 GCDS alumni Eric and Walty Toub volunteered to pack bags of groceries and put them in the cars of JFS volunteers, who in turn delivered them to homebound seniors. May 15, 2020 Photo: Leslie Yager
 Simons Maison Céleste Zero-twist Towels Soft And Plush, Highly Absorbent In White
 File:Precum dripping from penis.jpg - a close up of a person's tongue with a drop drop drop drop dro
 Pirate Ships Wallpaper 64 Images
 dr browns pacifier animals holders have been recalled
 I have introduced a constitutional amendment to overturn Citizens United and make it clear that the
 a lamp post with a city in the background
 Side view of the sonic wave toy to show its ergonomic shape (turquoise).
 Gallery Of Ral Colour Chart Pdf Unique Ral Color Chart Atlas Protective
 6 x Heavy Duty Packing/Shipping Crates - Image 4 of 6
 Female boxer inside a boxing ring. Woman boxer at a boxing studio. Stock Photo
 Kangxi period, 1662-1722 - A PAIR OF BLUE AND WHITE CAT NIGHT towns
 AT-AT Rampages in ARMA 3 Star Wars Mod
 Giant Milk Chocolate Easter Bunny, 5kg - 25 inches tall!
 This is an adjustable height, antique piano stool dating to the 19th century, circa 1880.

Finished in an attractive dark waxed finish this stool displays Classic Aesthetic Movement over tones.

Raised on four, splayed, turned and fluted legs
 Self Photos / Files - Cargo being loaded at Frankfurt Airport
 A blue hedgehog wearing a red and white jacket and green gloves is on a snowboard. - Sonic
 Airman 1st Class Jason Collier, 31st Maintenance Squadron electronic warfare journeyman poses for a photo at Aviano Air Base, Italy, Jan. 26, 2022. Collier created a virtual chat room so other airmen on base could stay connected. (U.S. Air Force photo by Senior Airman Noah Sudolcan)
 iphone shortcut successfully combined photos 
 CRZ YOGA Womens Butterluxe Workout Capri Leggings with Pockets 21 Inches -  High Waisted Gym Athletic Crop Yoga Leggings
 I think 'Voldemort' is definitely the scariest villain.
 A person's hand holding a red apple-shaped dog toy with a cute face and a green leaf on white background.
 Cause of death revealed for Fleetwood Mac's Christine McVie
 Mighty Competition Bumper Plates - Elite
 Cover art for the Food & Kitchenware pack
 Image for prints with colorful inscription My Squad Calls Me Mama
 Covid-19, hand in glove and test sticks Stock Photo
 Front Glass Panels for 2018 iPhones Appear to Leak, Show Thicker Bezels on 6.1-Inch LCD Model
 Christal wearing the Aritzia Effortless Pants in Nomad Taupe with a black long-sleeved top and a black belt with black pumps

++++++

§ Instructions for the task: Output exactly the lines of the material above from the one containing "Airman 1st Class" up to and including the one containing "Front Glass Panels".

§ Answer section:
 Airman 1st Class Jason Collier, 31st Maintenance Squadron electronic warfare journeyman poses for a photo at Aviano Air Base, Italy, Jan. 26, 2022. Collier created a virtual chat room so other airmen on base could stay connected. (U.S. Air Force photo by Senior Airman Noah Sudolcan)
 iphone shortcut successfully combined photos 
 CRZ YOGA Womens Butterluxe Workout Capri Leggings with Pockets 21 Inches -  High Waisted Gym Athletic Crop Yoga Leggings
 I think 'Voldemort' is definitely the scariest villain.
 A person's hand holding a red apple-shaped dog toy with a cute face and a green leaf on white background.
 Cause of death revealed for Fleetwood Mac's Christine McVie
 Mighty Competition Bumper Plates - Elite
 Cover art for the Food & Kitchenware pack
 Image for prints with colorful inscription My Squad Calls Me Mama
 Covid-19, hand in glove and test sticks Stock Photo
 Front Glass Panels for 2018 iPhones Appear to Leak, Show Thicker Bezels on 6.1-Inch LCD Model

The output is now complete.